#### COLLECTED DATA:
↓↓↓

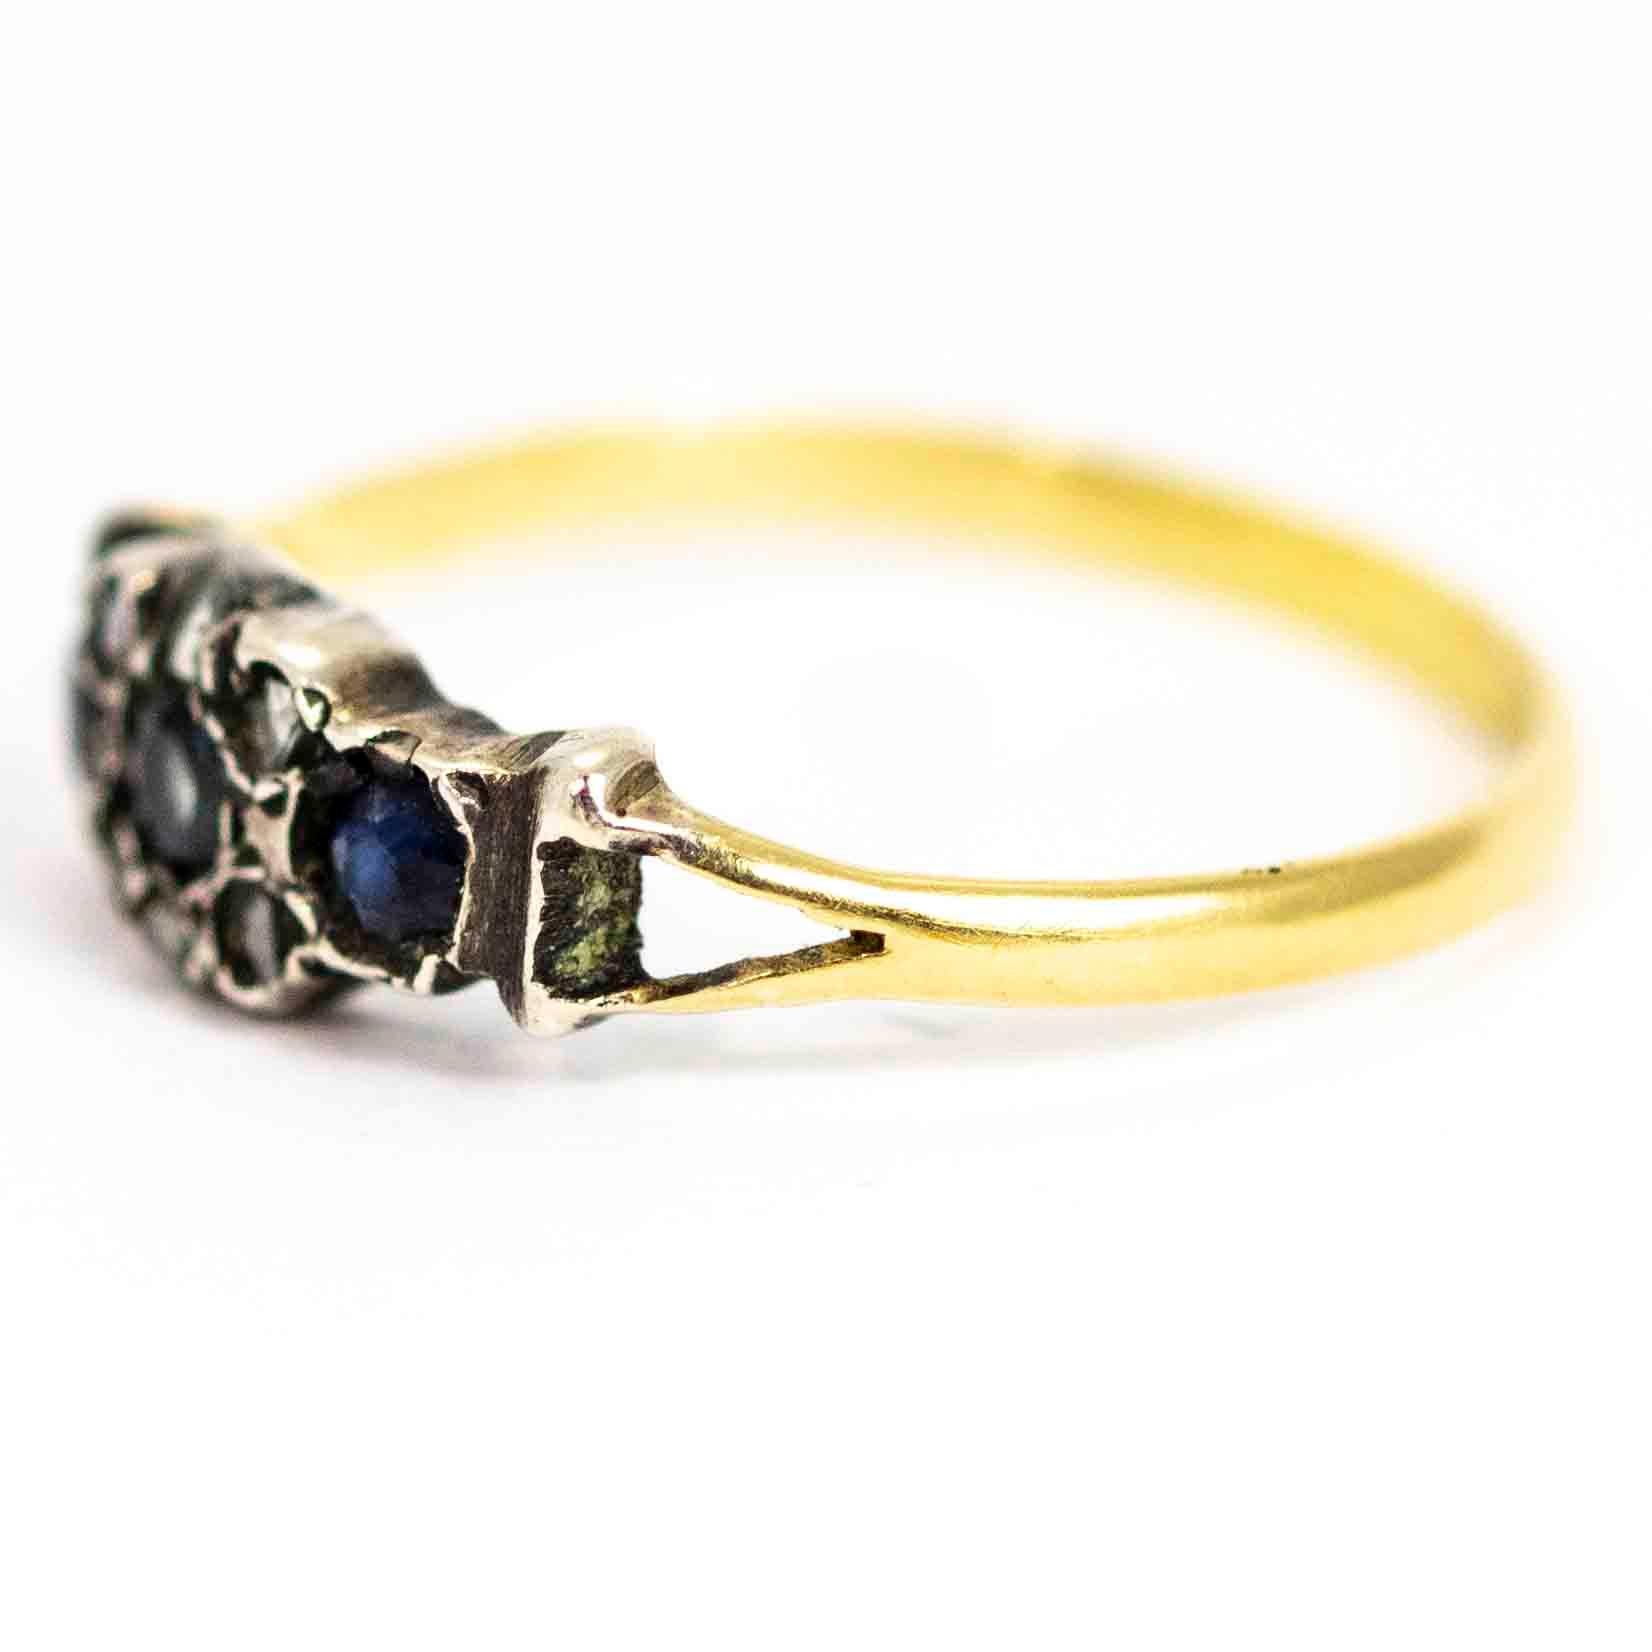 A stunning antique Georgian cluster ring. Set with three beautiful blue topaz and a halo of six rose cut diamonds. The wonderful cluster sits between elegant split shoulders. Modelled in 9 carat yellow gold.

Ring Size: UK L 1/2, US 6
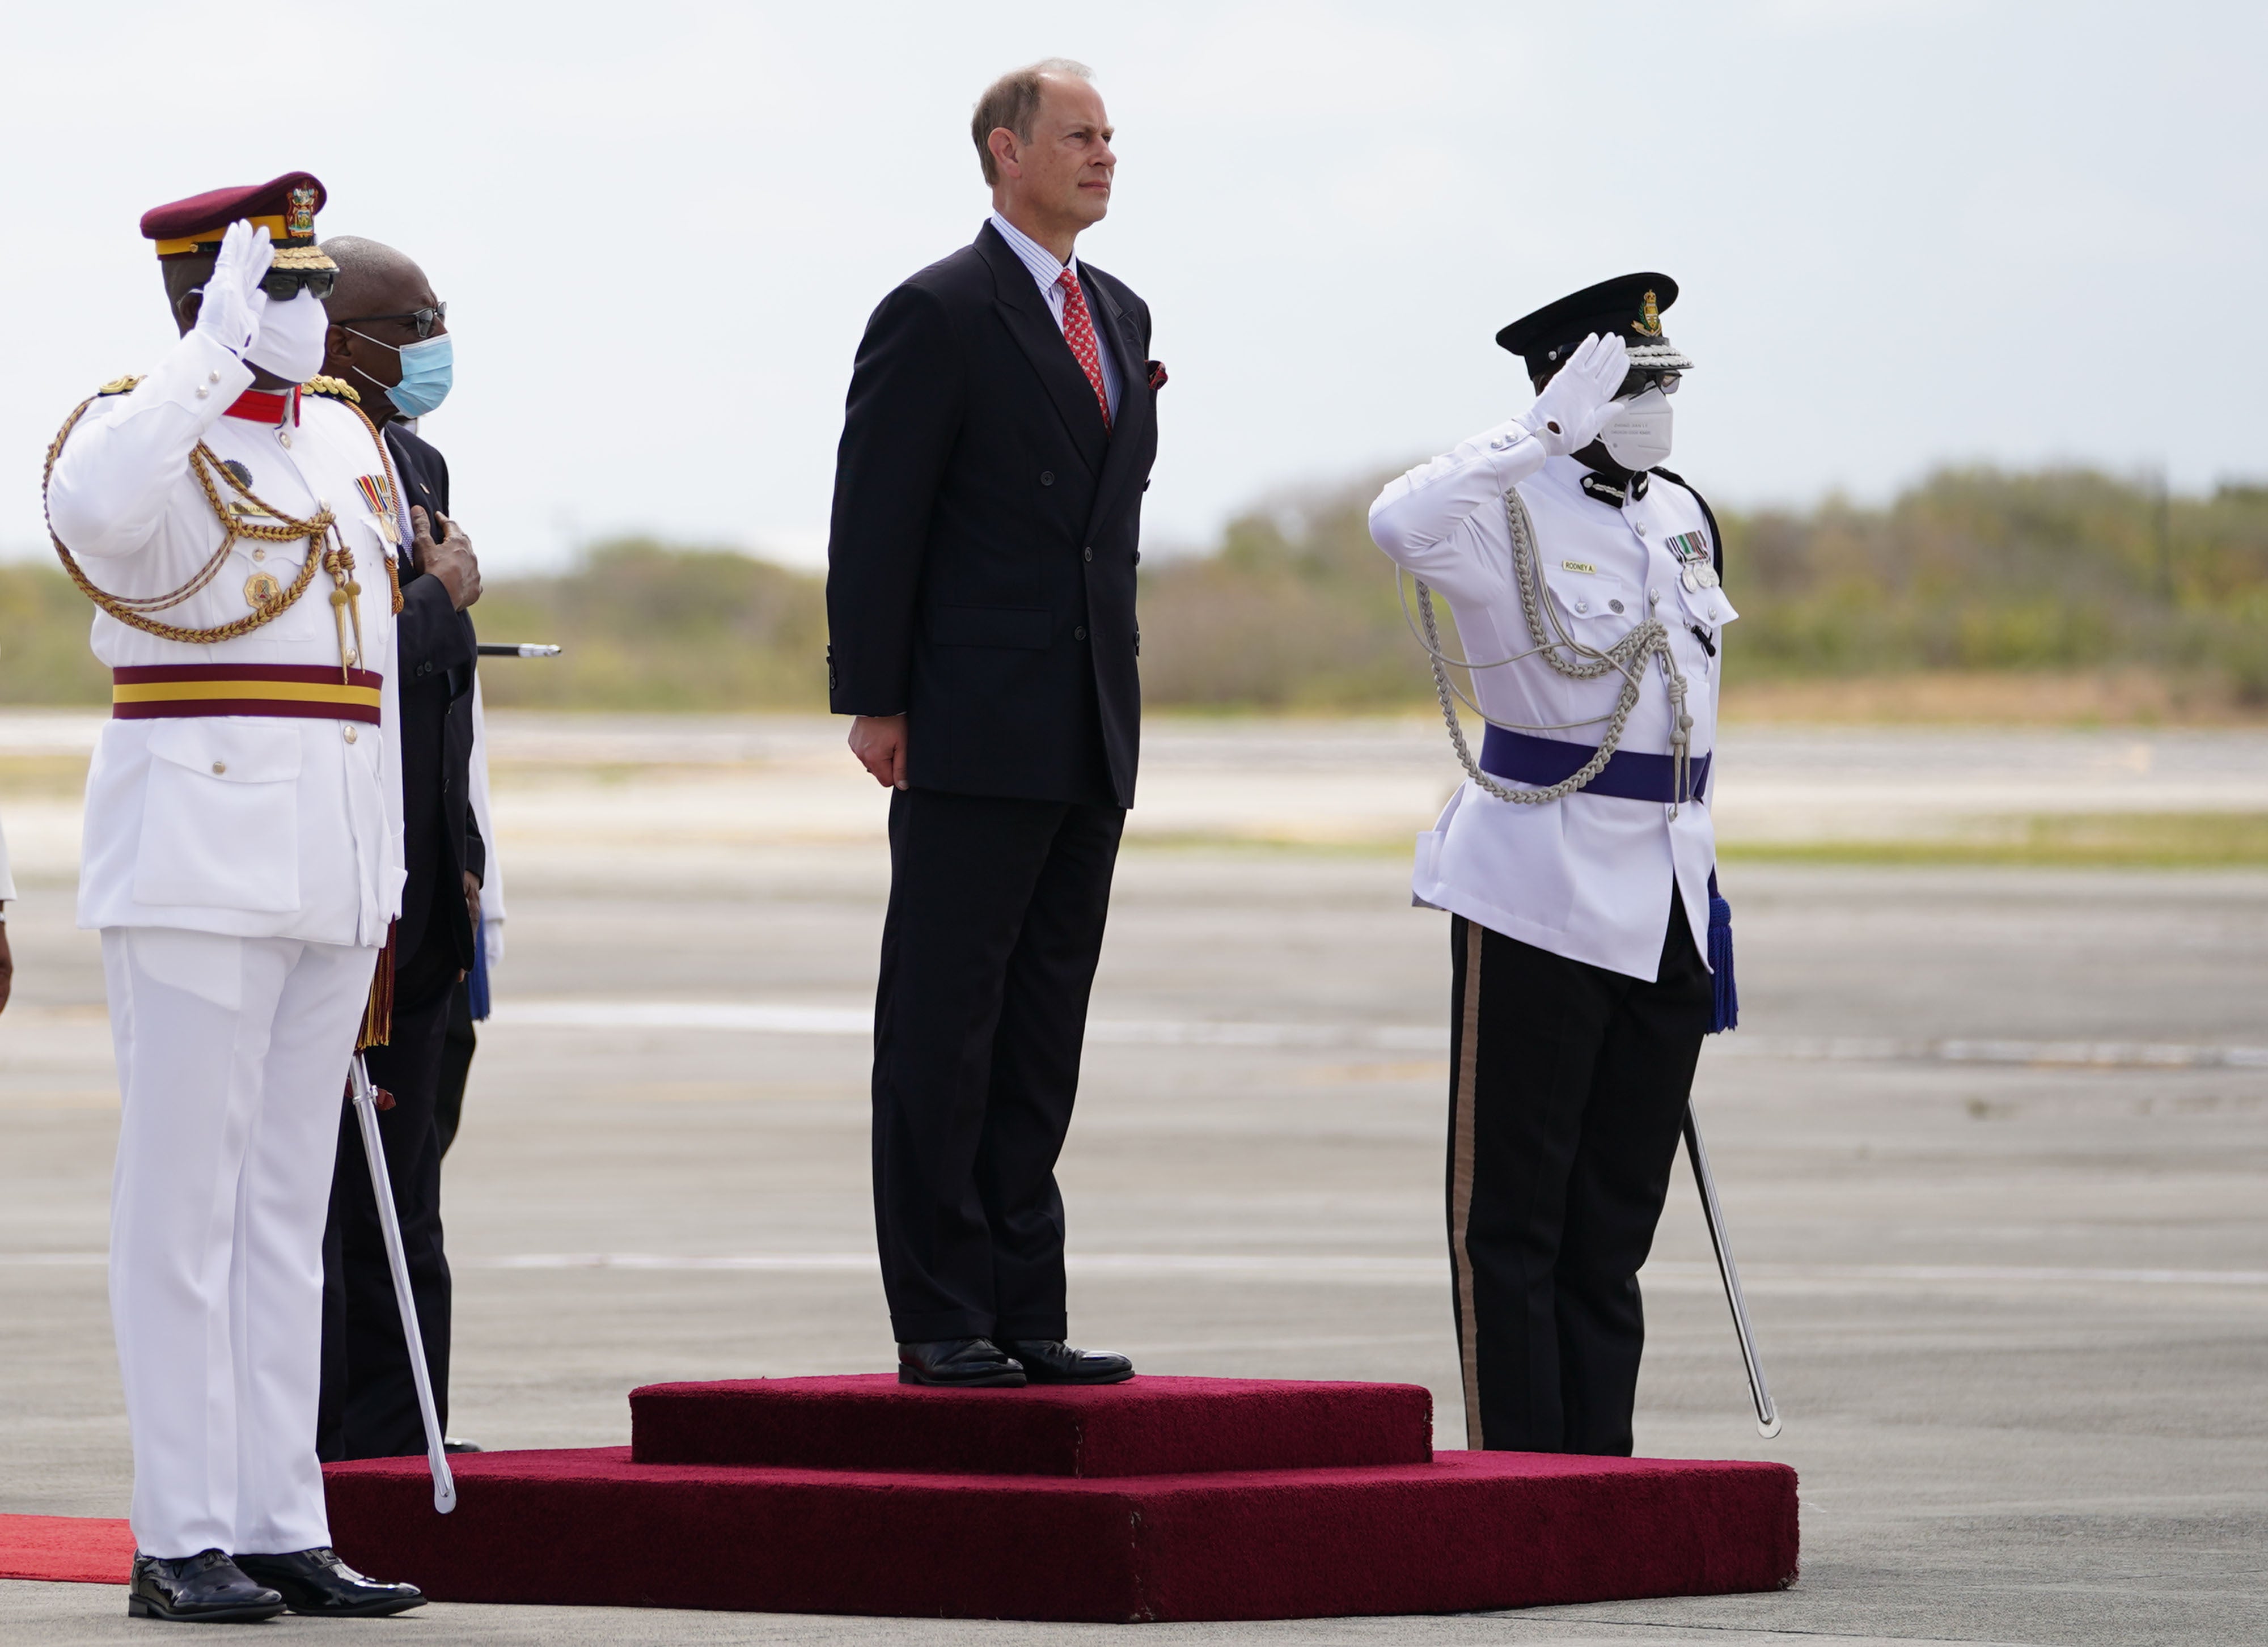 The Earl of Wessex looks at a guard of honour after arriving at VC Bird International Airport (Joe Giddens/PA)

↑↑↑

#### INSTRUCTIONS TO FOLLOW:
Produce the material above again in full, with identical lines and no pictures.

#### SOLUTION TO THIS EXERCISE:
 A stunning antique Georgian cluster ring. Set with three beautiful blue topaz and a halo of six rose cut diamonds. The wonderful cluster sits between elegant split shoulders. Modelled in 9 carat yellow gold.

Ring Size: UK L 1/2, US 6
 The Earl of Wessex looks at a guard of honour after arriving at VC Bird International Airport (Joe Giddens/PA)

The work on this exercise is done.